# Voltage Drop vs. Circular Mils Calculation



## luckyboy886 (Jan 18, 2012)

Hi guys,

I came across the followng problem associated with the voltage drop and the circular mils calculation.

Can anyone give me some help? Thank you.

Question: What is the Circular Mils (CM) rating for the branch-circuit in illustration below?

(picture link: http://www.flickr.co...N06/6720463707/)

I used the following formula to calculate the CM:

CM = 1.732 x K x I x D / VD

(From EC&amp;M Article: http://ecmweb.com/ne...nt_let_voltage/)
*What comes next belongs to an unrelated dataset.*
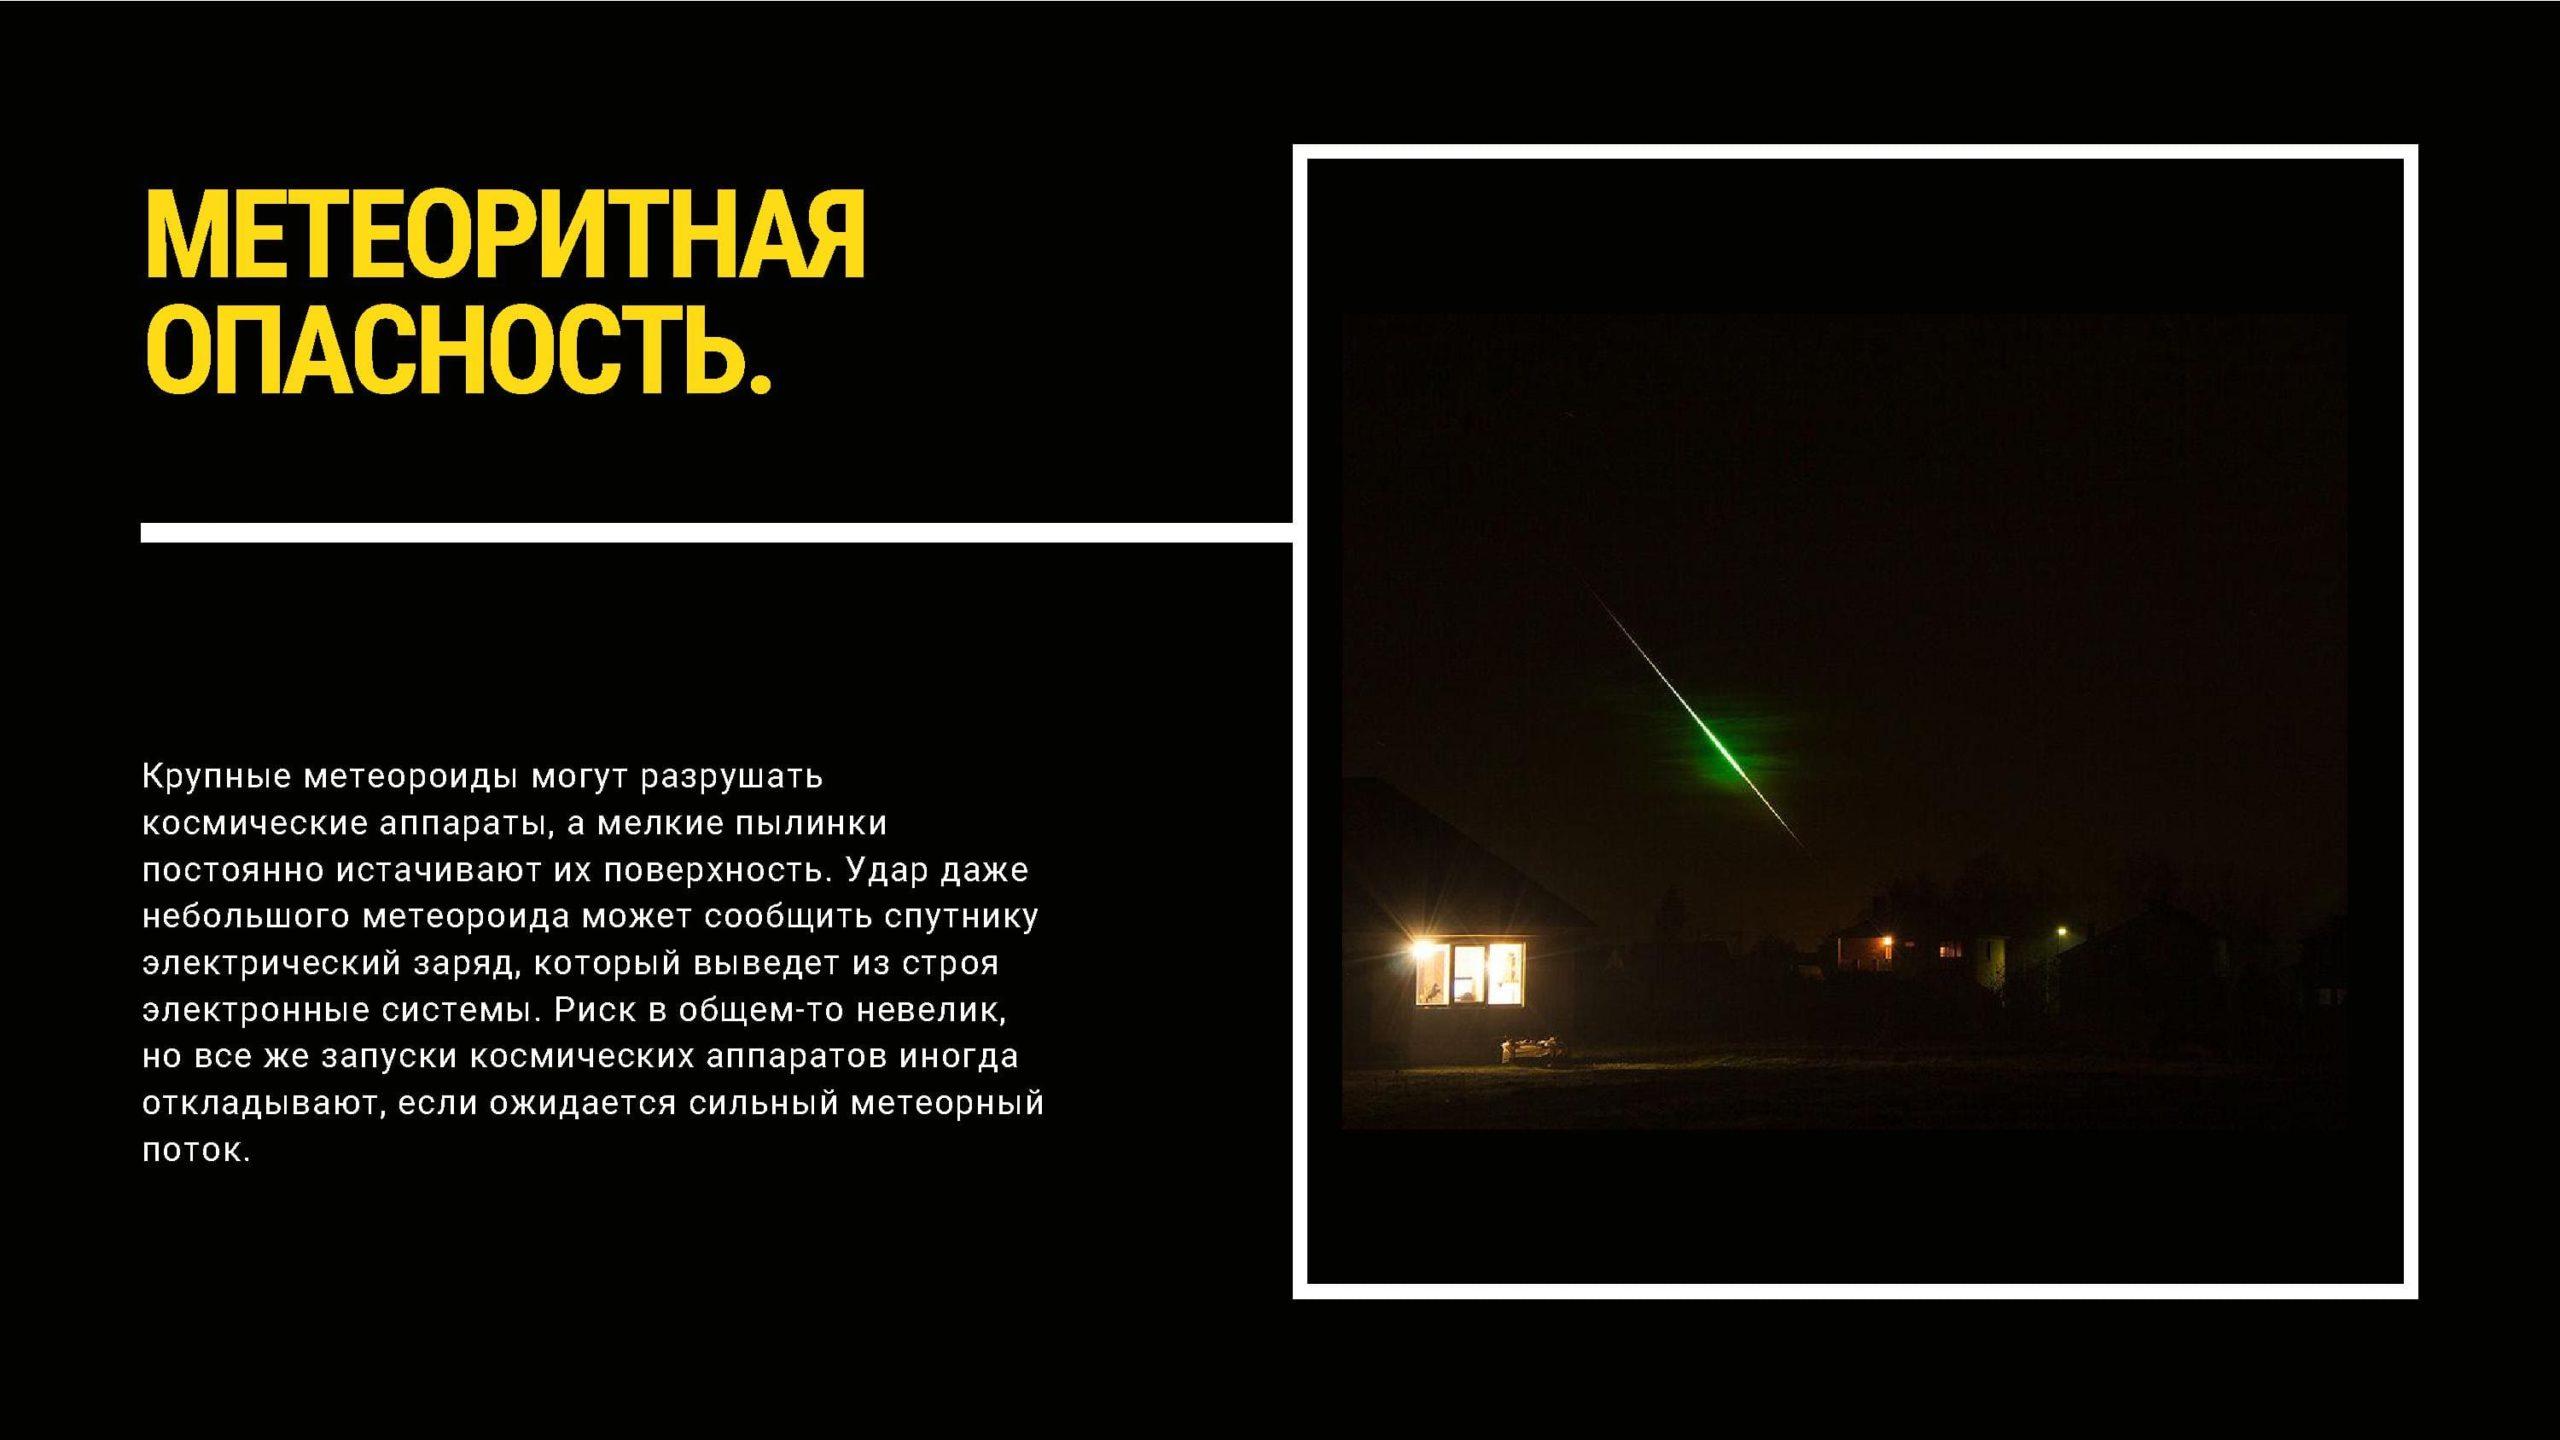 Метеорная опасность

In this case, I determined K = 12.9, I = 82.5A, D = 125', VD = 3% x 480V = 14.4V. Then,

CM = 1.732 x 12.9 x 82.5 x 125 / 14.4 = 16,000 circular mils

Per NEC Chapter 9 Table 8, #8 copper should be used.

But the problem is, the allowable ampacity of #8 copper is only 50A per Table 310.16, which is smaller than the continuous load requirement in this example (82.5A).
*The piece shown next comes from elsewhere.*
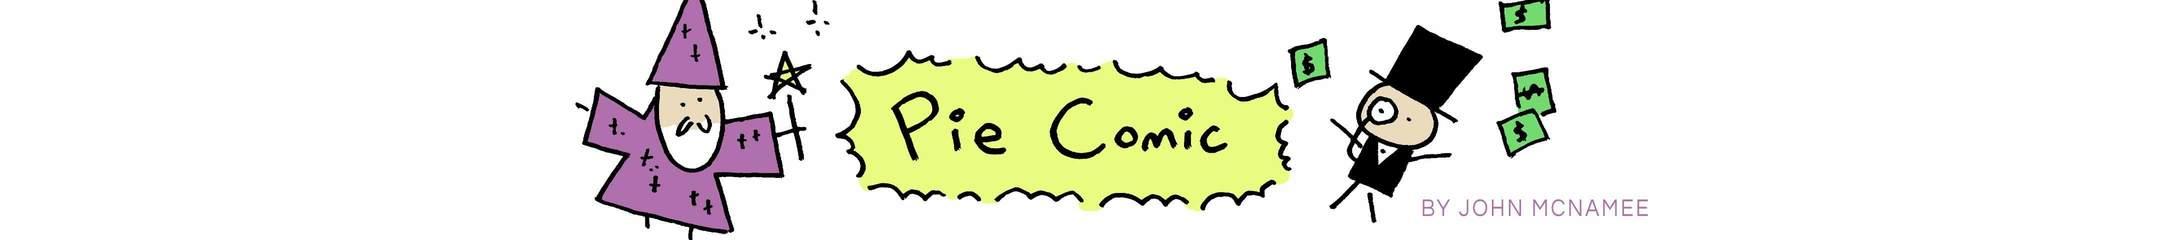 Pie Comic
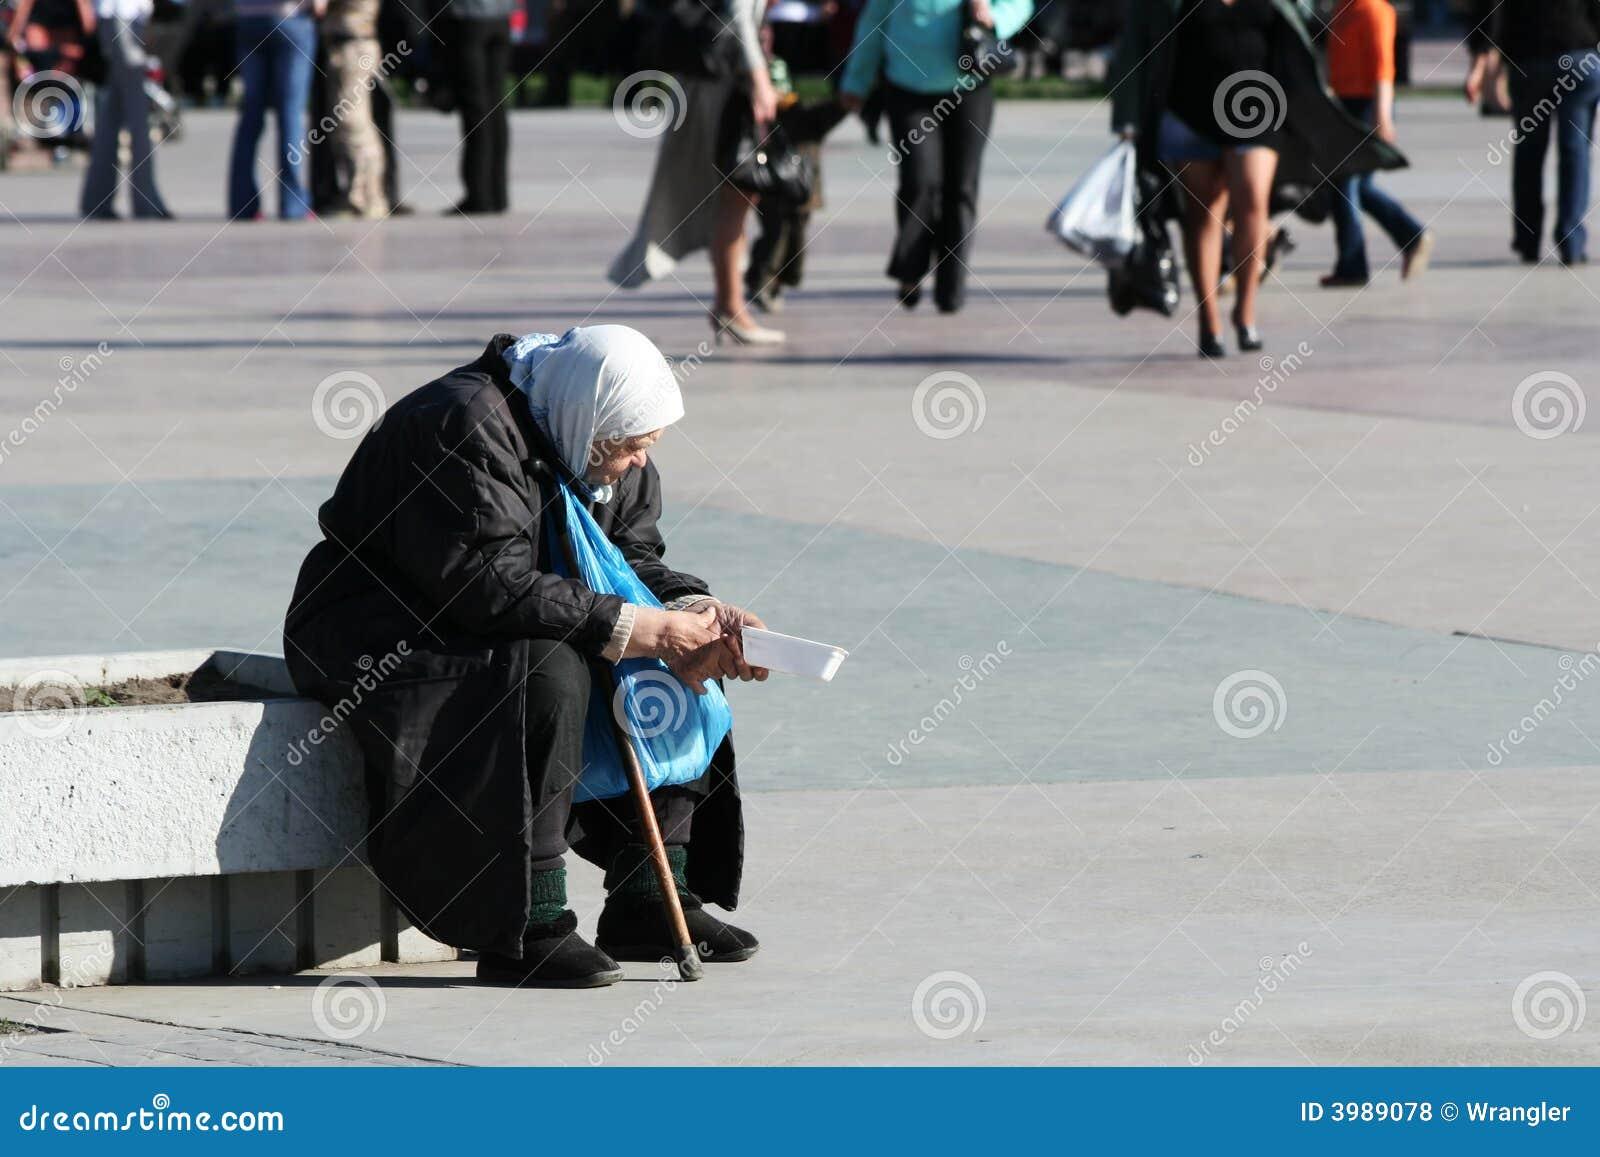 Povertà e solitudine.

Something is wrong in my above calculation.

But I couldn't figure out whether I applied the wrong formula or used the wrong parameters.

Can anyone give me some help?

Thank you.


----------



## sc57 (Jan 18, 2012)

Start with load current first. Minimum wire size should be 1.25 X load current, which is 1.25 x 82.5 = 103.16 amps. Which requires # 2 wire as per NEC for THHW, 75 degree centigrade wires.

Then in some cases if run (distance) is very long you have to accommodate for voltage drop.


----------



## luckyboy886 (Jan 18, 2012)

sc57 said:


> Start with load current first. Minimum wire size should be 1.25 X load current, which is 1.25 x 82.5 = 103.16 amps. Which requires # 2 wire as per NEC for THHW, 75 degree centigrade wires.
> 
> Then in some cases if run (distance) is very long you have to accommodate for voltage drop.


SC57,

I agree with you #2 wire should be used based on 125% x load current. I also noticed that the #2 wire will give me less than 3% voltage drop.

However, this is not the purpose of my post.

I couldn't understand why the formula CM = 1.732 x K x I x D / VD doesn't lead me to the right size of wire. Even worse, this formula tells me to use #8 wire, which is less than the 82.5A load requirement.

Am I missing something by applying this formula?


----------



## sc57 (Jan 18, 2012)

Given formula is not appropriate to calculate wire size. It is good for calculating voltage drop.

Look at the last example in the article. Calculate wire size without exceeding voltage drop.

As per the calculation I (amps) comes to 172 amps for #1 wire, but as per NEC table #1 wire is good for 130 amps.

In example we are calculating wire size for given voltage drop instead of voltage drop for minimum wire size needed as per NEC.


----------



## luckyboy886 (Jan 18, 2012)

sc57 said:


> Given formula is not appropriate to calculate wire size. It is good for calculating voltage drop.
> 
> Look at the last example in the article. Calculate wire size without exceeding voltage drop.
> 
> ...



SC57,

You made a point here.

It seems that after sizing the wire (to satisfy the VD requirement) according to the formula CM = 1.732 x K x I x D / VD, we still need to check the allowable current for the selected wire.

In this example, we could use #8 wire (according to the given formula) without exceeding the 3% voltage drop IF there is no current limitation on the wire. But obviously, it will lead to a violation of the NEC code. (82.5A curent on #8 wire vs. 50A allowable current per NEC code)

A similar example will be the third example in the article (with Figure 3).

The calculation CM is 10,892 circular mils, and therefore 8 AWG wire is chosen.

Then we should verify that the 8 AWG is capable to handle the load (18A), which is obviously true. 18A x 125% = 22.5A, which is less than the 50A allowable current for 8 AWG wire.

Is my statement correct?


----------



## sc57 (Jan 19, 2012)

luckyboy886,

In actual practice, what happens is first you calculate wire size from load current x 1.25. Then check for voltage drop, make sure it is below 3%. You don't use CM. For conduit fill calculation you need CM, but instead you can use NEC tables to find out how many wires (of the same size) can be run into the conduit without exceeding 40% of cross section area. If it is different size you need to add CM's of different wires and do the conduit fill calc. (NEC table 1 chapter 9)

Most of the time you leave some room for expansion. You don't want to get close to 3%. When runs are smaller &lt;200' usually you don't have voltage drop issue. When they get longer &gt;300', you will encounter these problems.

For your exam use NEC tables and don't leave room for spare or expansion, they want you to follow codes.


----------